The Day Care Centres set up by Sarva Siksha Abhiyan (SSA) in Tuticorin district for the differently abled students to instil self confidence in them and improve their knowledge, are making great progress. The students from six to 14 years of age have been identified to be provided with care. Such centres are providing parental care with every effort to keep their spirits high.

Under the Inclusive Education for the Differently Abled (IED) programme of the SSA, the learners were given play materials including walker, cycling machine, rowing machine, muscle exercise machine, cerebral palsy chairs and other equipments for bringing about suitable changes in their minds at the centres. Learning skills through play way method were being demonstrated with intense dedication by the faculty members to channelise the students' talents in a constructive way to reach the target, A. Kannammal, District Coordinator of the Centre, told ‘The Hindu' here on Monday.

Students with multiple disabilities, total blindness, mentally retarded, orthopedically handicapped and autism were trained here. A team of special educators, care takers and coordinators were working to motivate the differently abled students. A total of 239 students were learning subjects in a play way method. Thirteen Day Care Centres were functioning across the district.

To make positive differences in their day to day life, severity of disabilities had to be mitigated. Besides, physical exercises were being taught to improve the situation. During 2009-10, 17 differently abled students were mainstreamed after being imparted with need-based training at seven DCCs and they had been admitted to regular schools, she said.

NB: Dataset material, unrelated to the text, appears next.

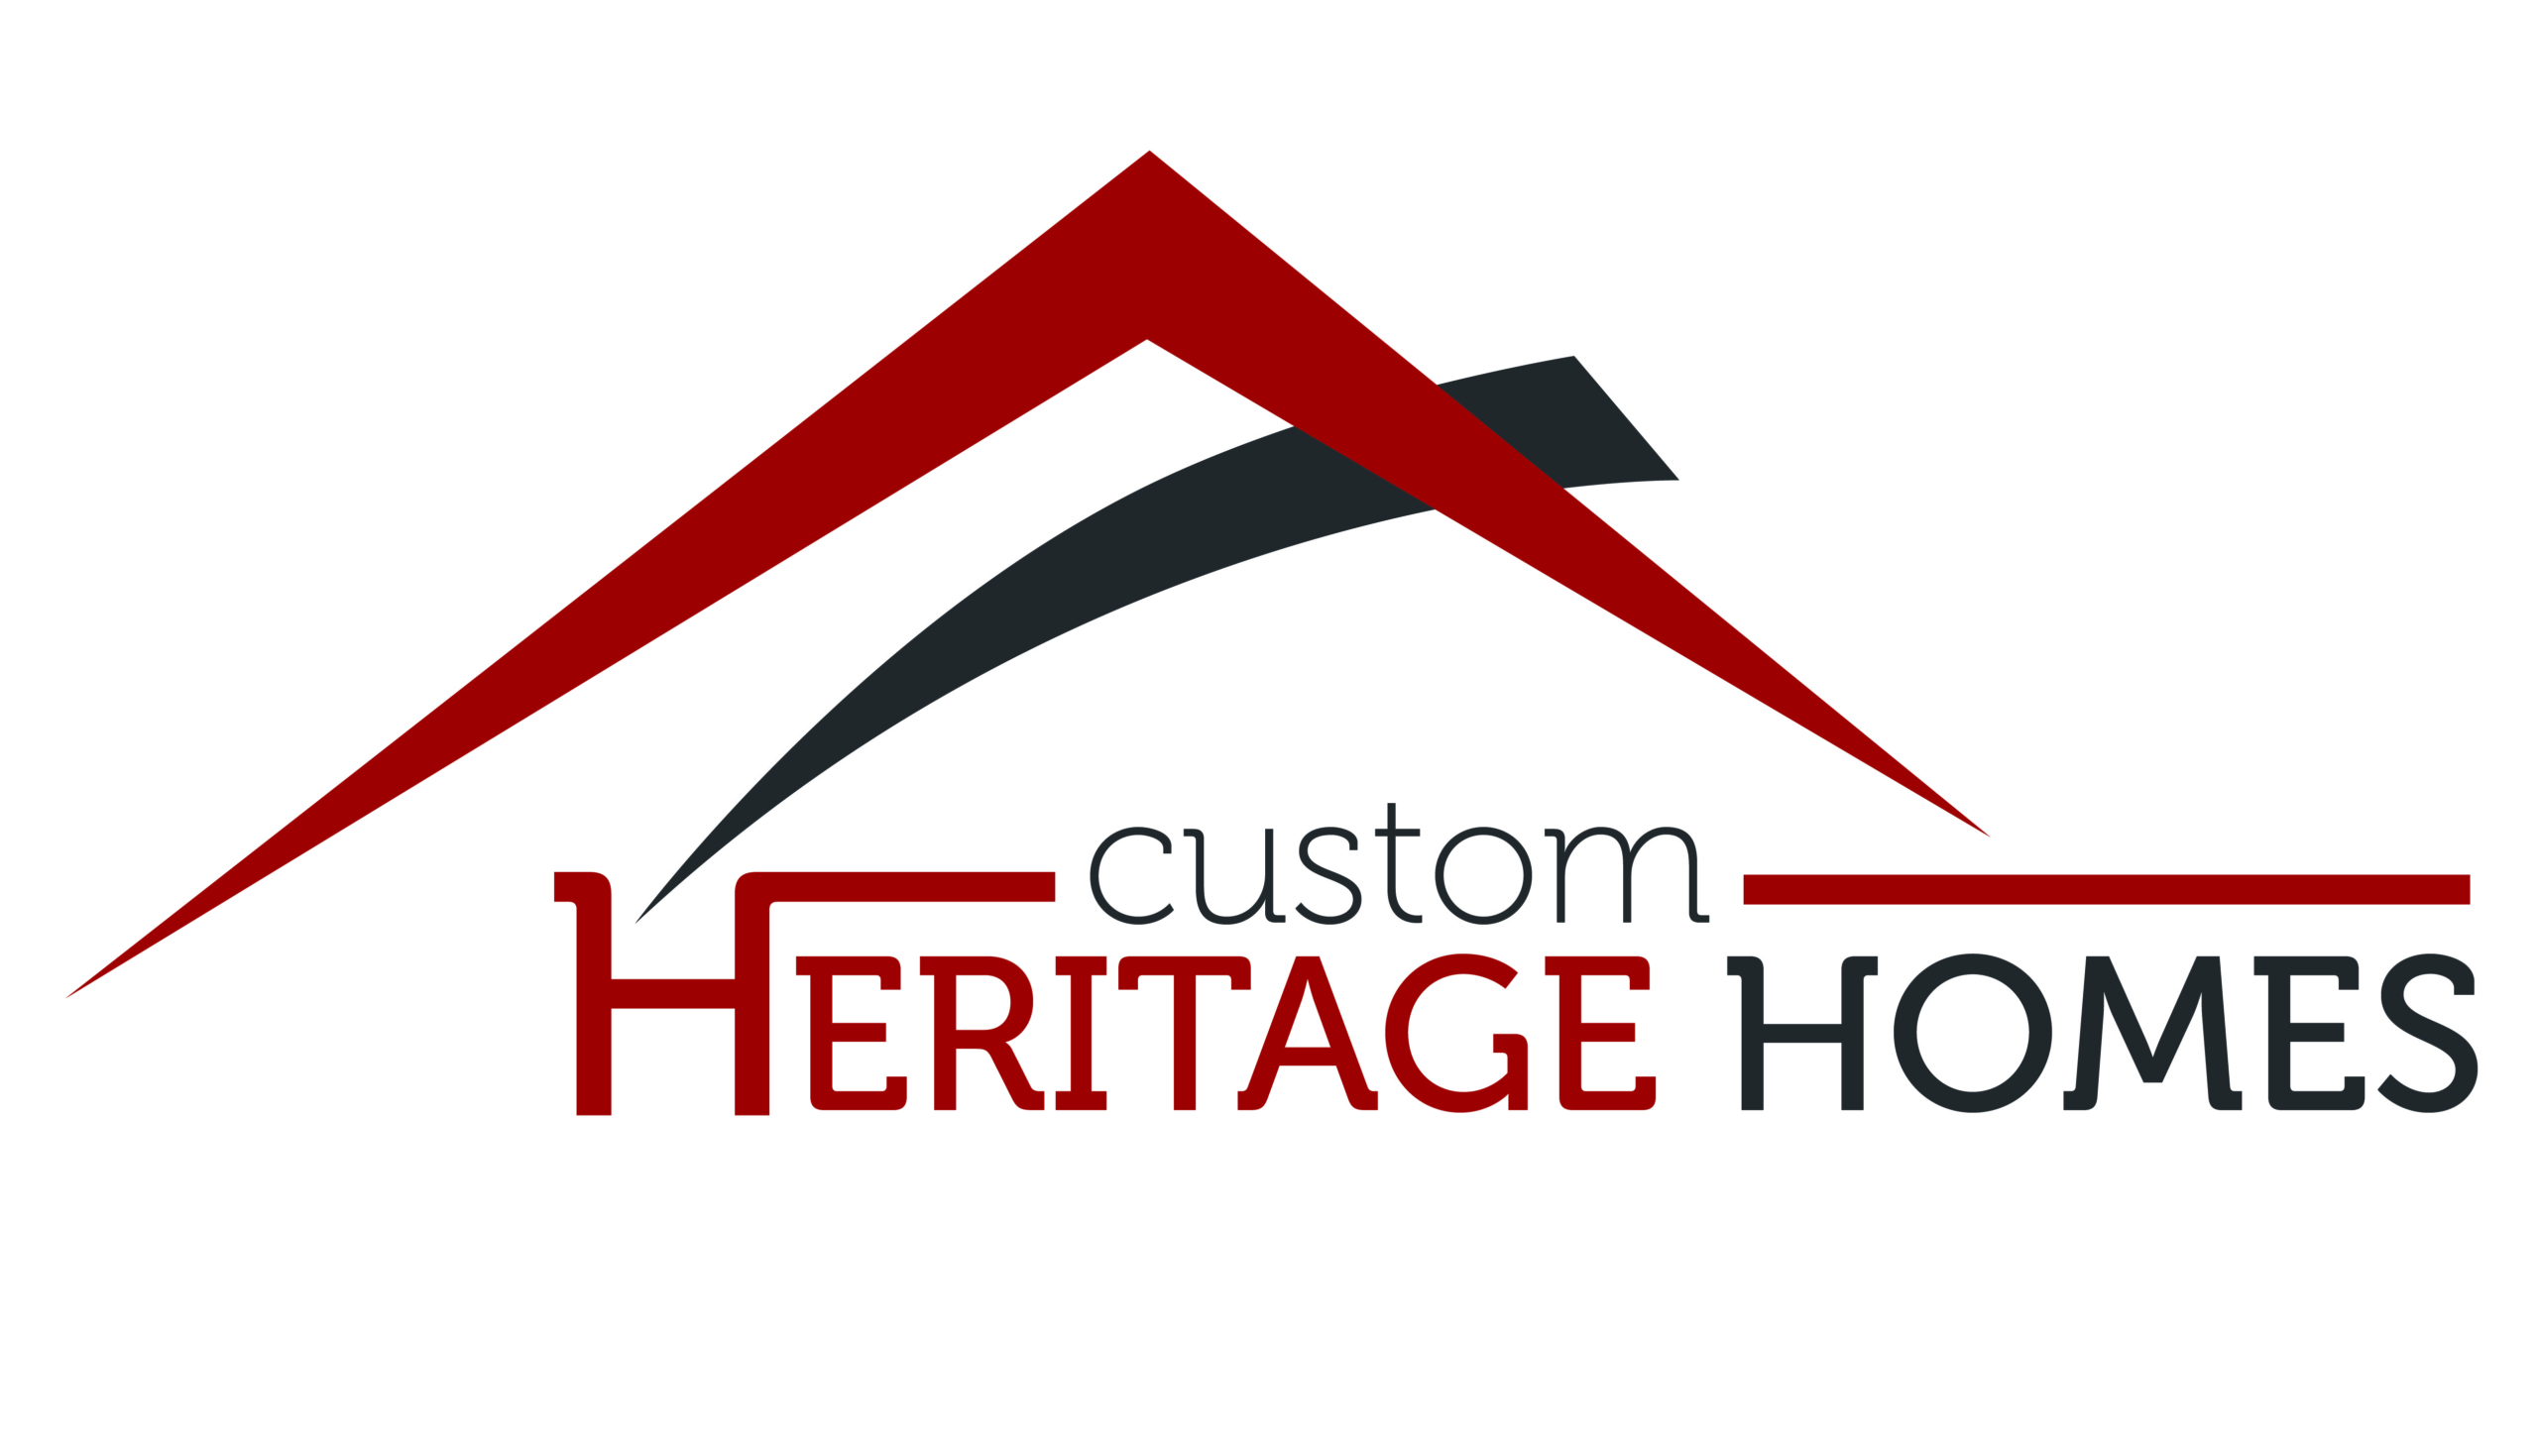 Heritage Homes Logo
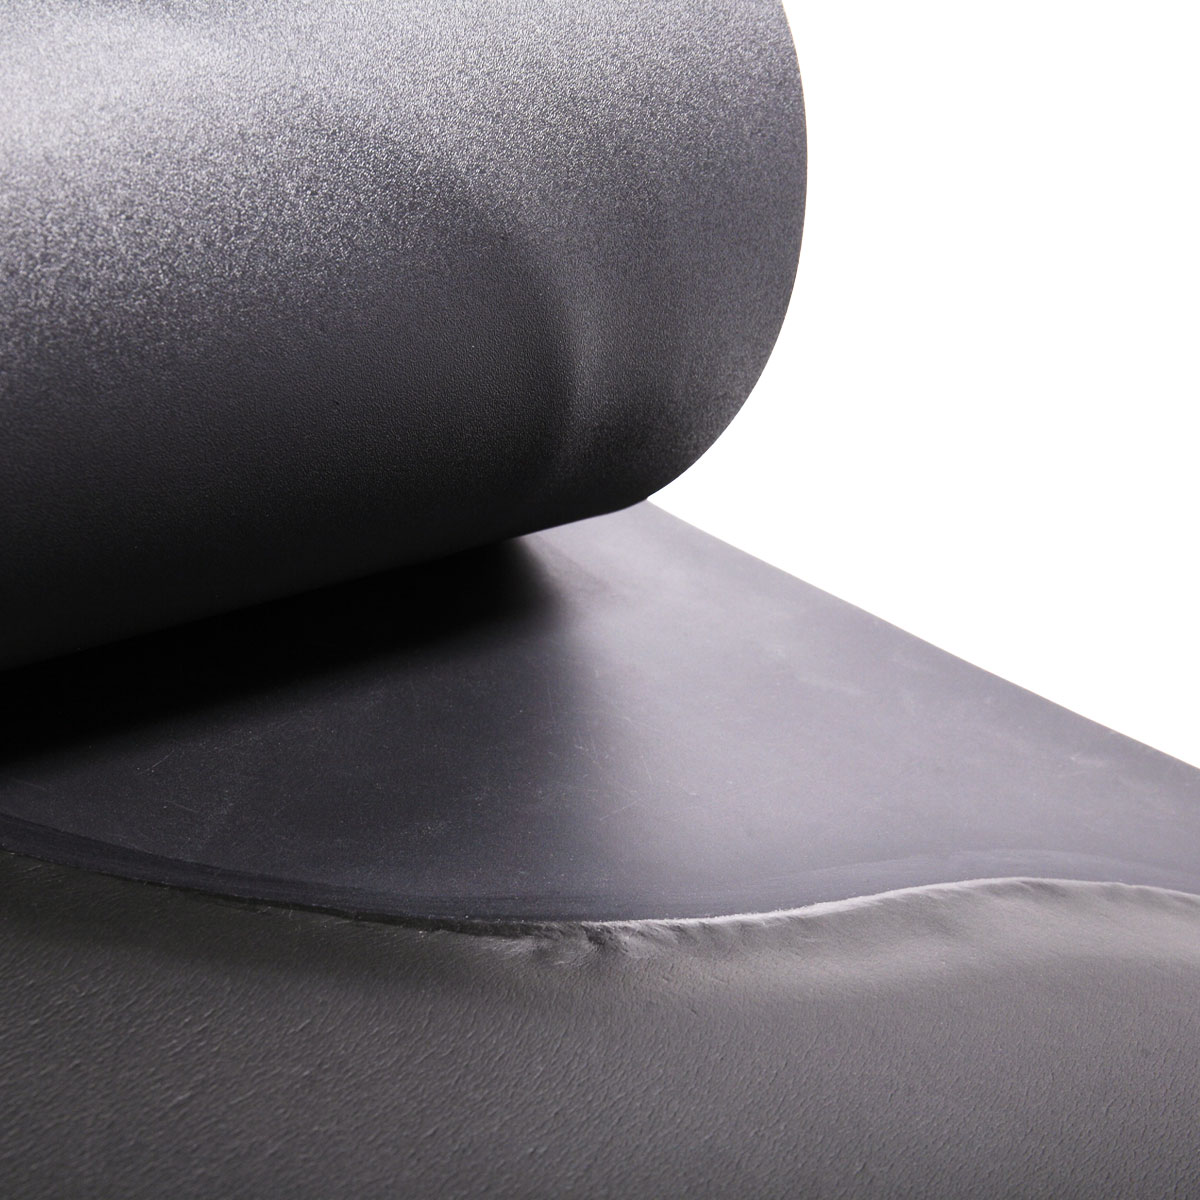 Veryke Salon Mat, Black Chair Semi-Circular Floor Mat, Barber Salon Anti Fatigue Mat for Barber Shop Chair - image 3 of 6

To increase body movements, postural corrections, gait training and the like were being provided by physiotherapists on a regular basis. To enhance hand and eye coordination and improve grasp of things, cube-setting method of play was introduced, P. Judie, physiotherapist said. Need-based training on reading and writing skills would be given with real objects. Matching, identifying and naming of the objects were the key modules of learning.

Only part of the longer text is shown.